▸ **The task**: After finding "Venice Ca' Rezzonico" in a line below, print that line and the rest of the lines exactly, leaving out all pictures.

▸ **Data below**:
☆ ☆ ☆ ☆ ☆
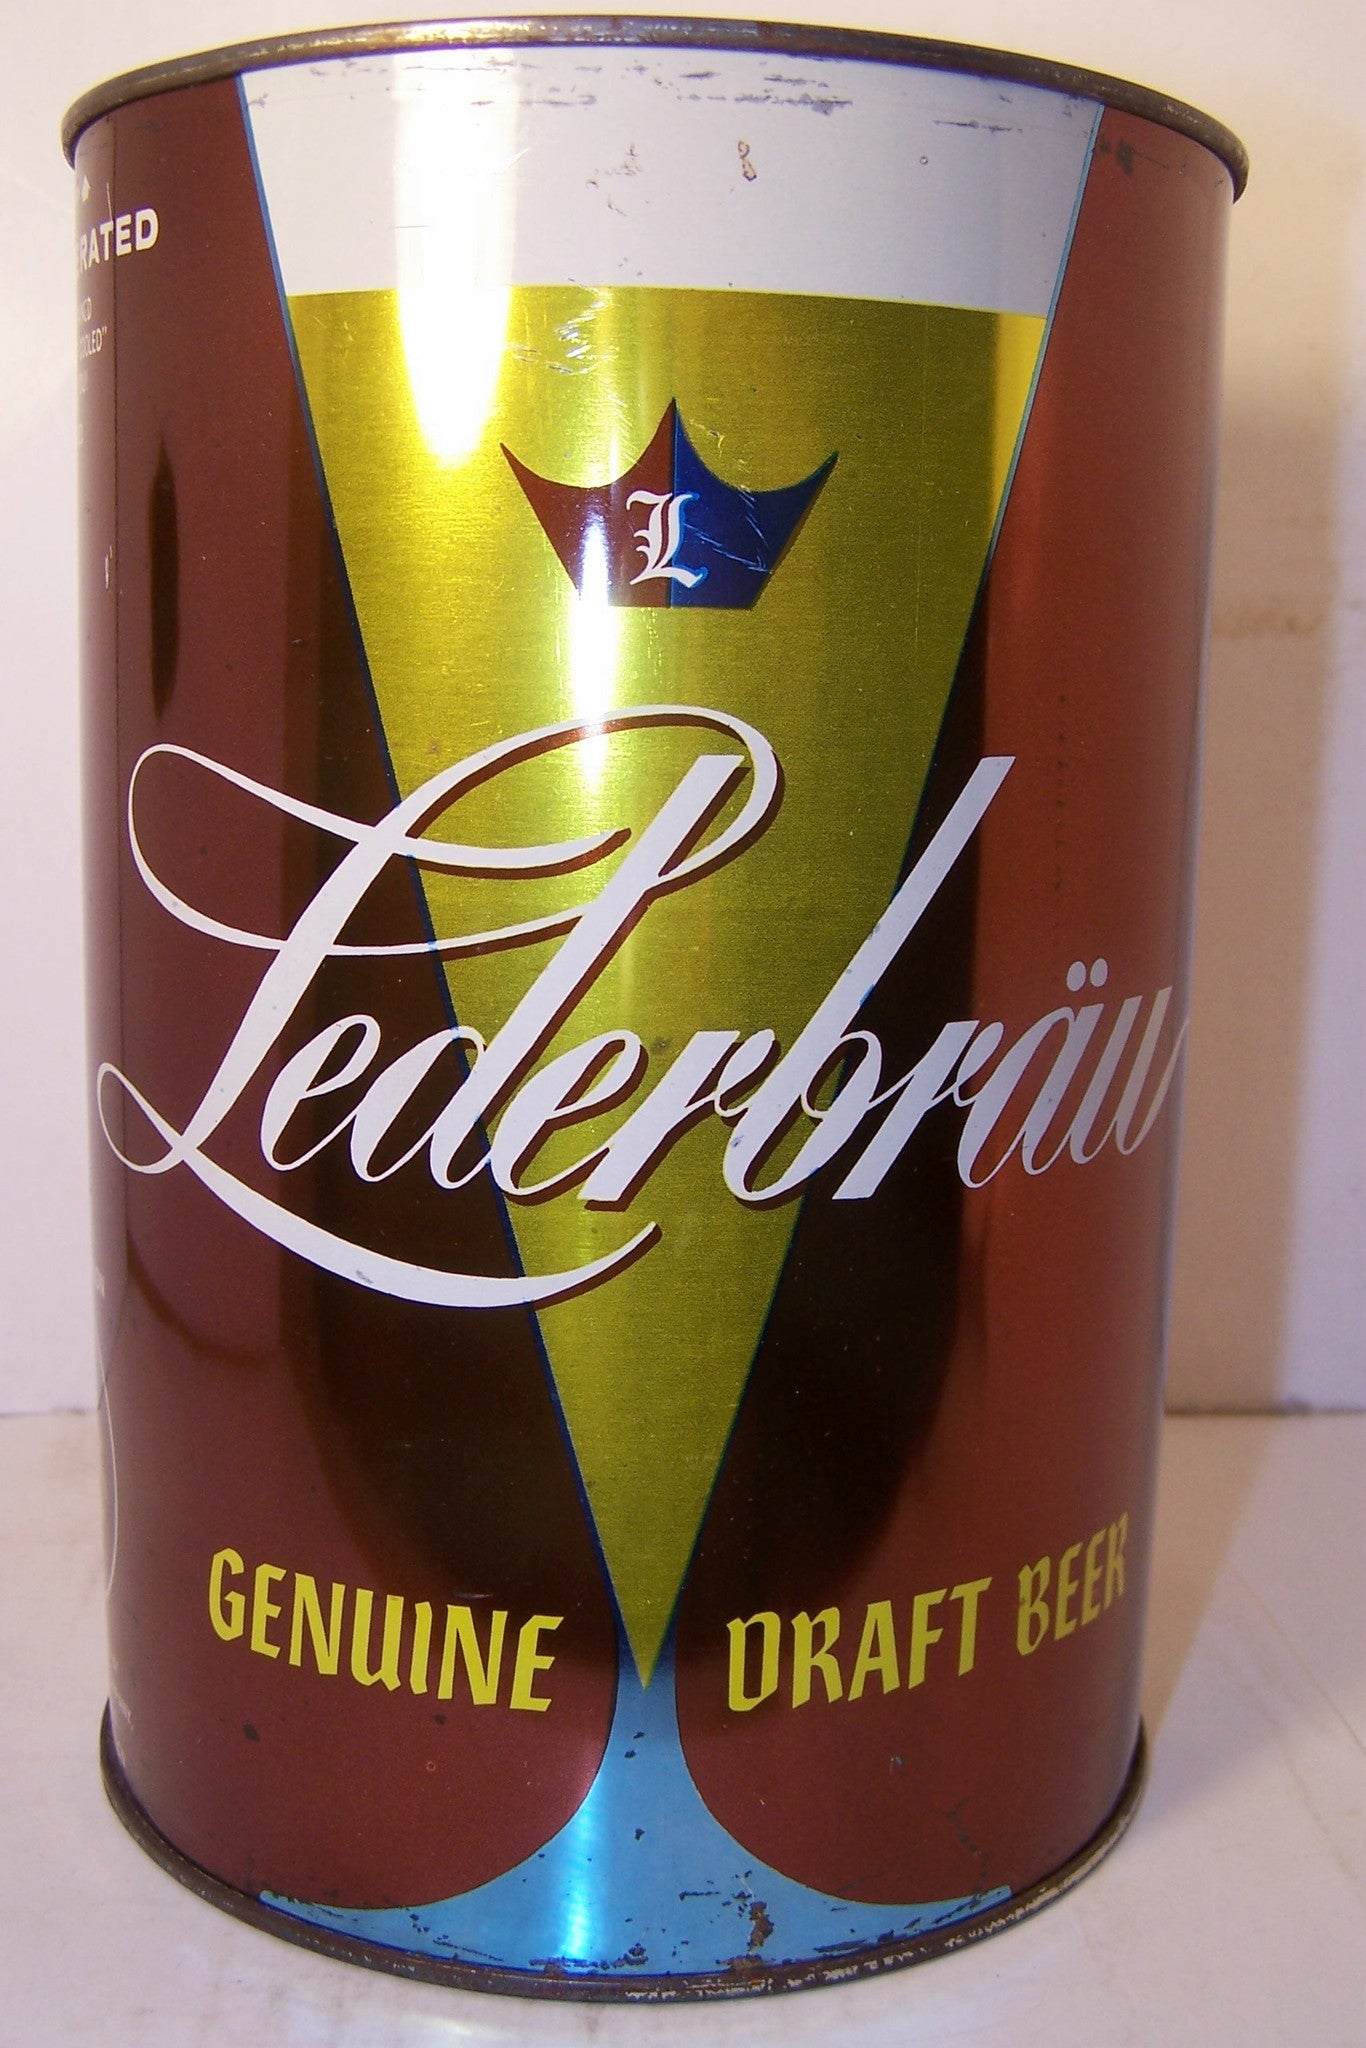 Lederbrau Genuine Draft Beer, USBC 245-11, Grade 1/1-  Sold  12/2/14
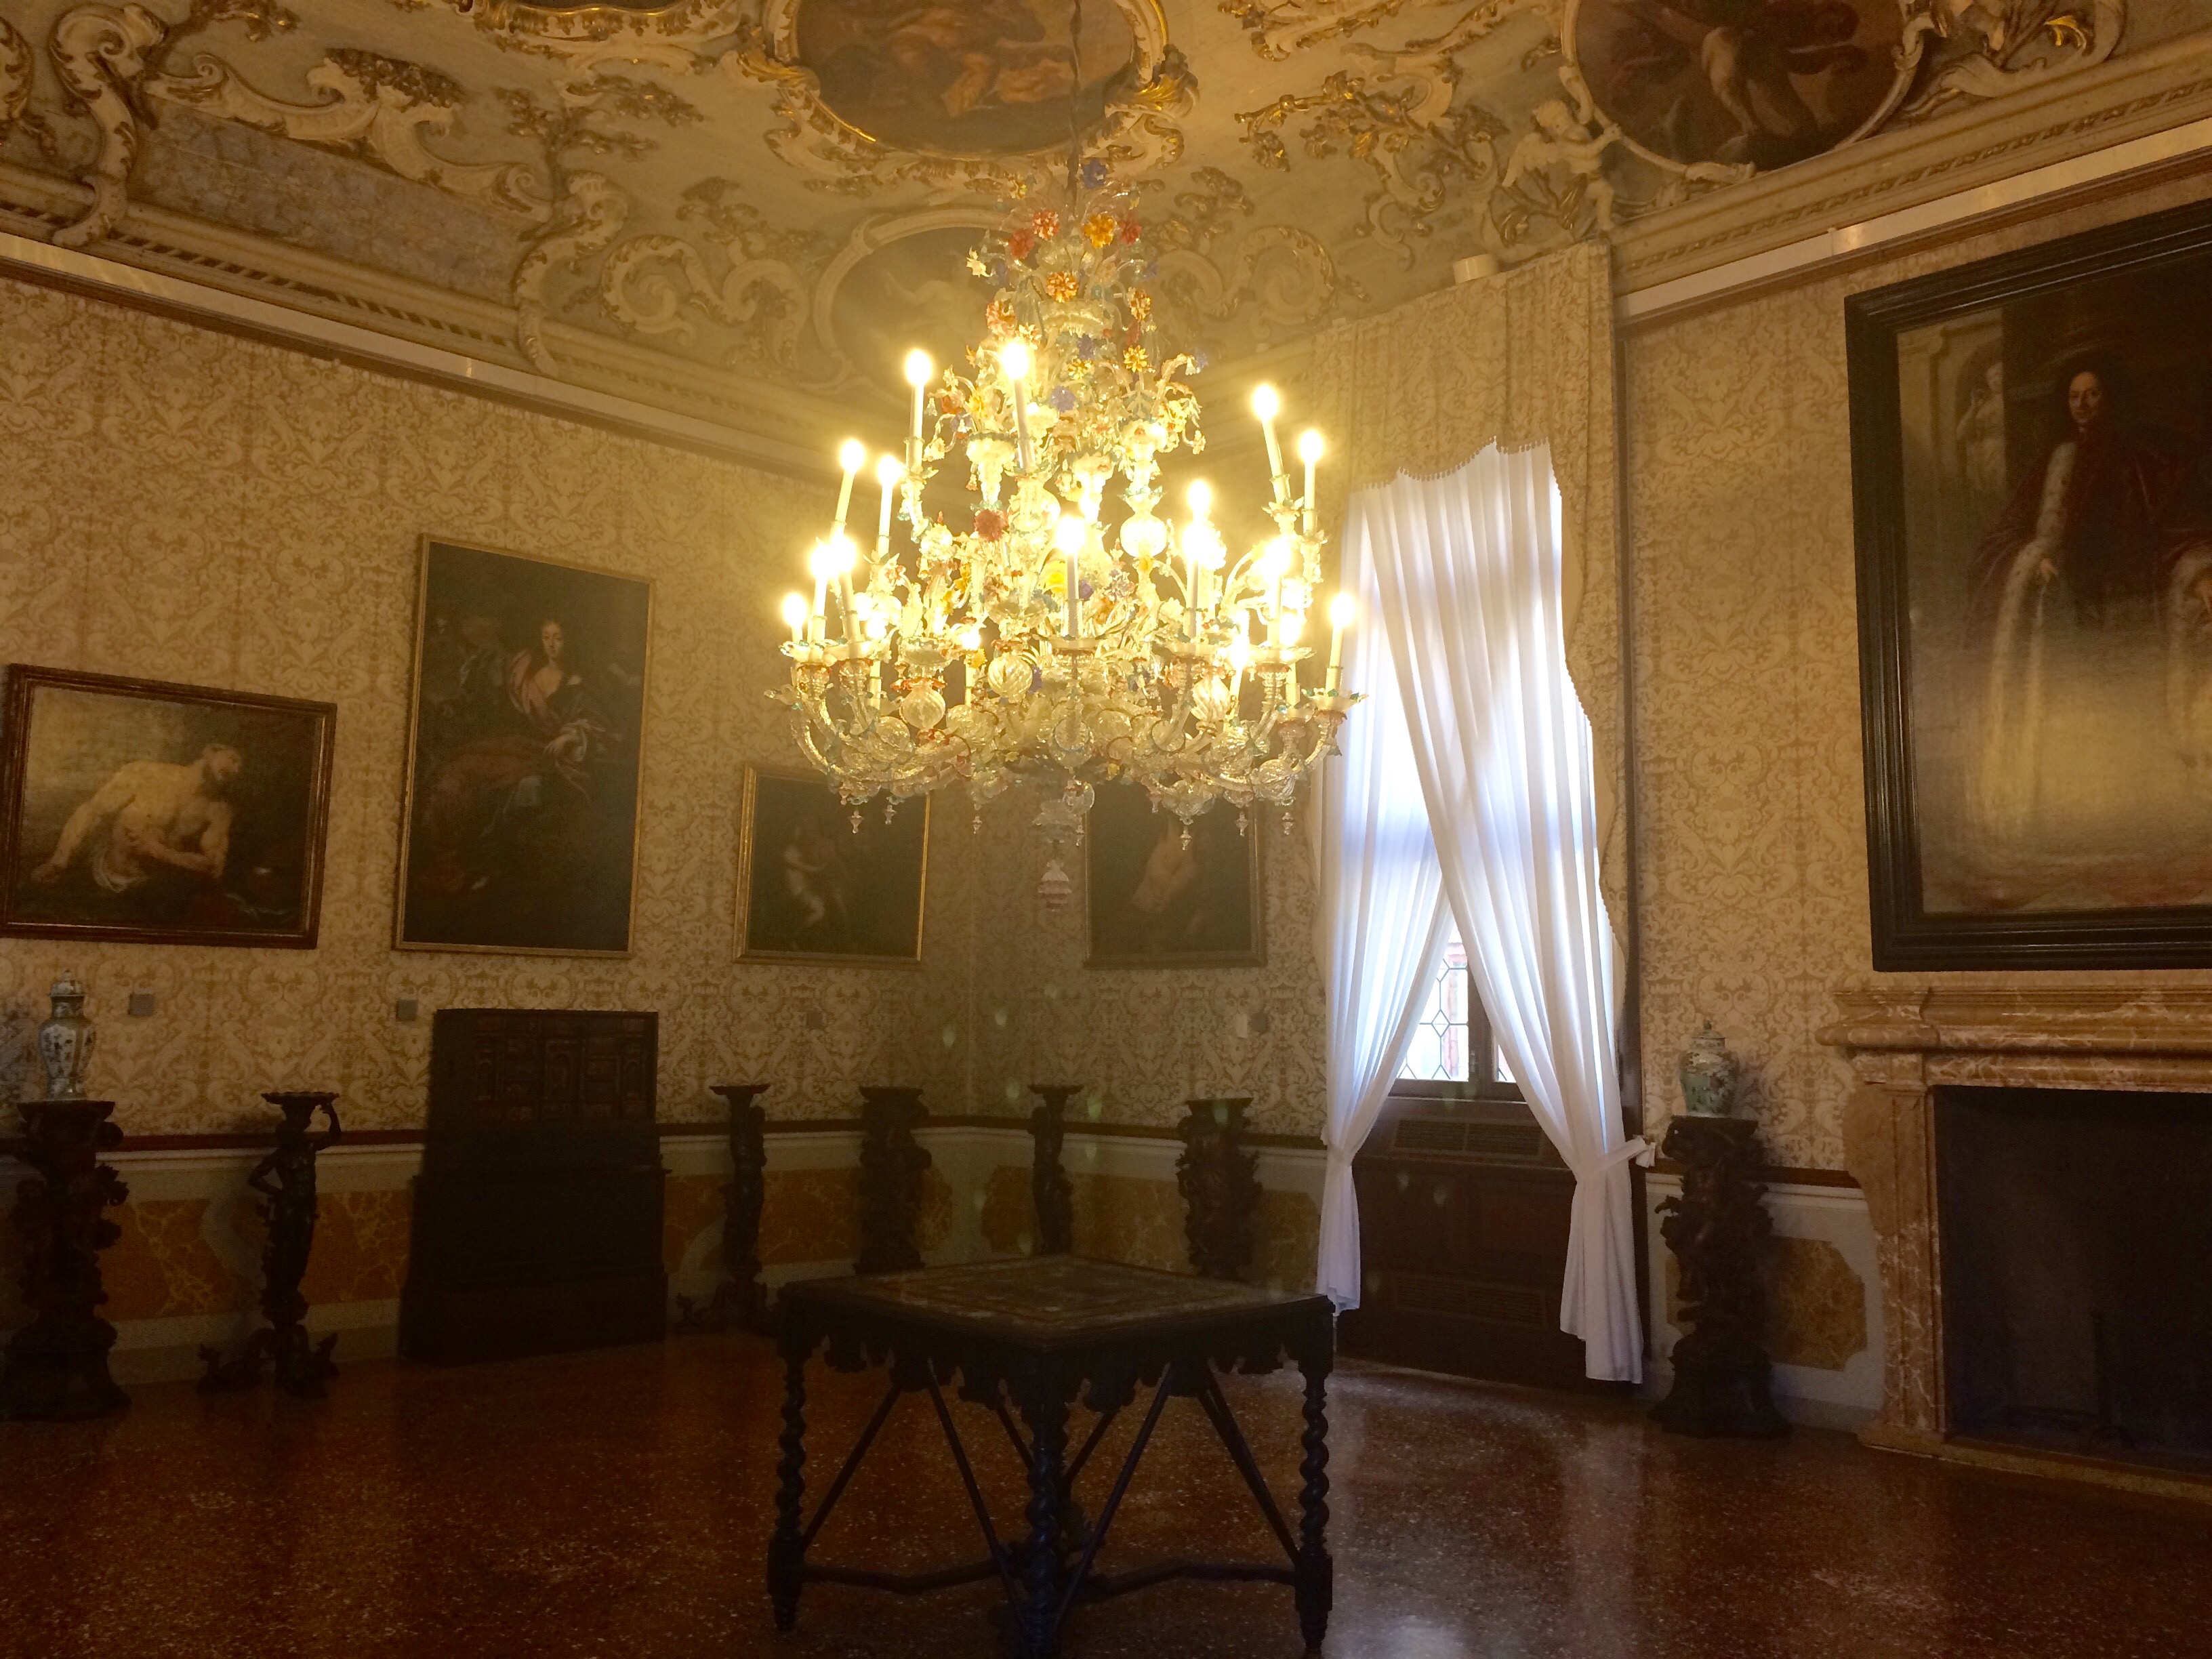 Venice Ca' Rezzonico Brustolon Room chandelier
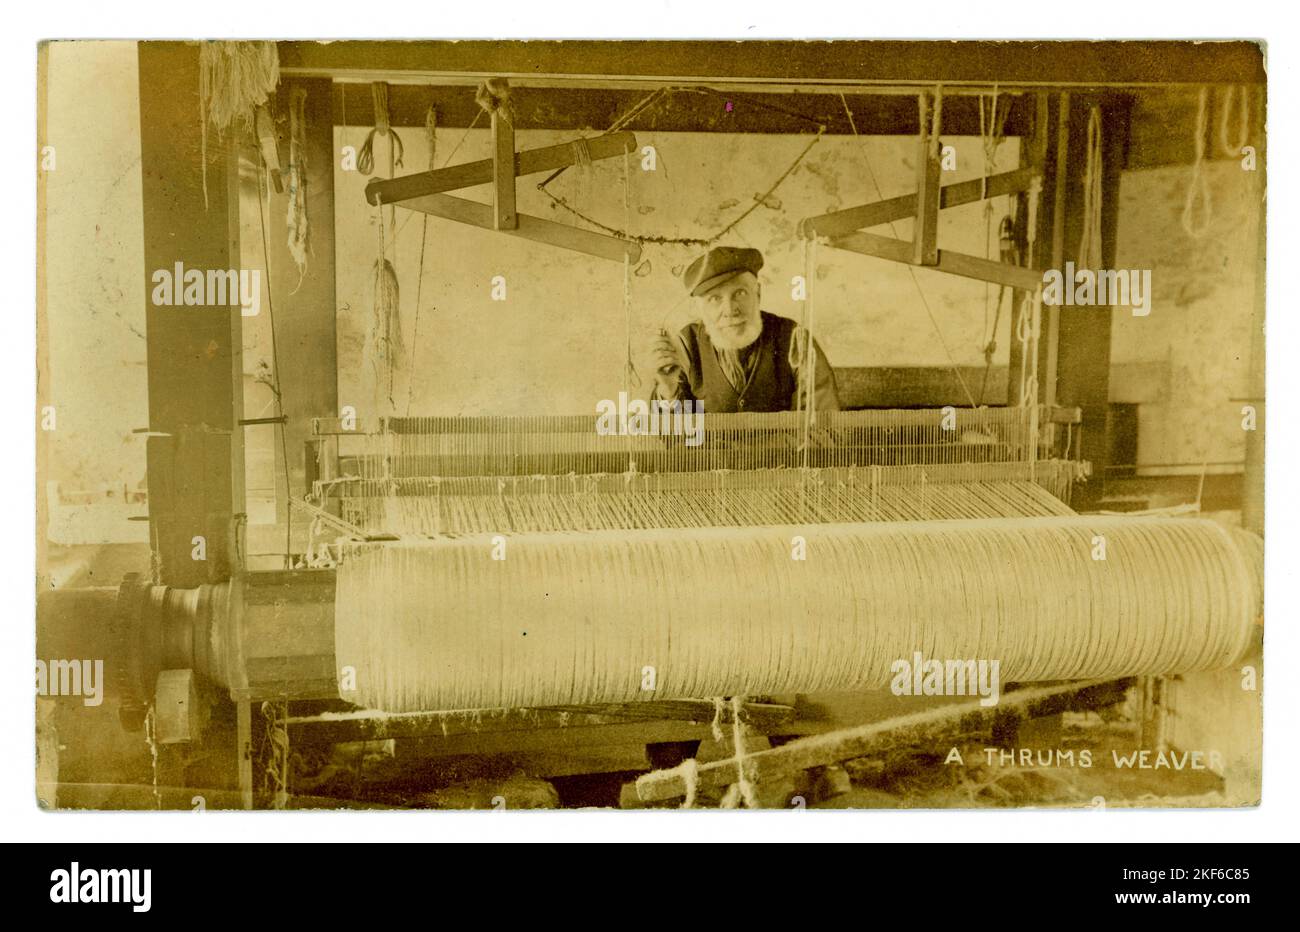 Originale edwardianische Postkarte eines älteren Schotten, der ein Thrums Weaver ist - wahrscheinlich ein Hüttenarbeiter, der von zu Hause aus an einem Holzstrauß arbeitet, Handloommaschine, vielleicht Rugmaking. Schübe sind Abfälle aus der Teppichweberei, sie waren billig, also wird dieser Mann wahrscheinlich arm sein. Die Postkarte ist datiert/am 5. Februar 1907 aus Kirriemuir, Angus, Schottland, Stockfoto
☆ ☆ ☆ ☆ ☆
▸ **Result of this exercise**:
 Venice Ca' Rezzonico Brustolon Room chandelier
 Originale edwardianische Postkarte eines älteren Schotten, der ein Thrums Weaver ist - wahrscheinlich ein Hüttenarbeiter, der von zu Hause aus an einem Holzstrauß arbeitet, Handloommaschine, vielleicht Rugmaking. Schübe sind Abfälle aus der Teppichweberei, sie waren billig, also wird dieser Mann wahrscheinlich arm sein. Die Postkarte ist datiert/am 5. Februar 1907 aus Kirriemuir, Angus, Schottland, Stockfoto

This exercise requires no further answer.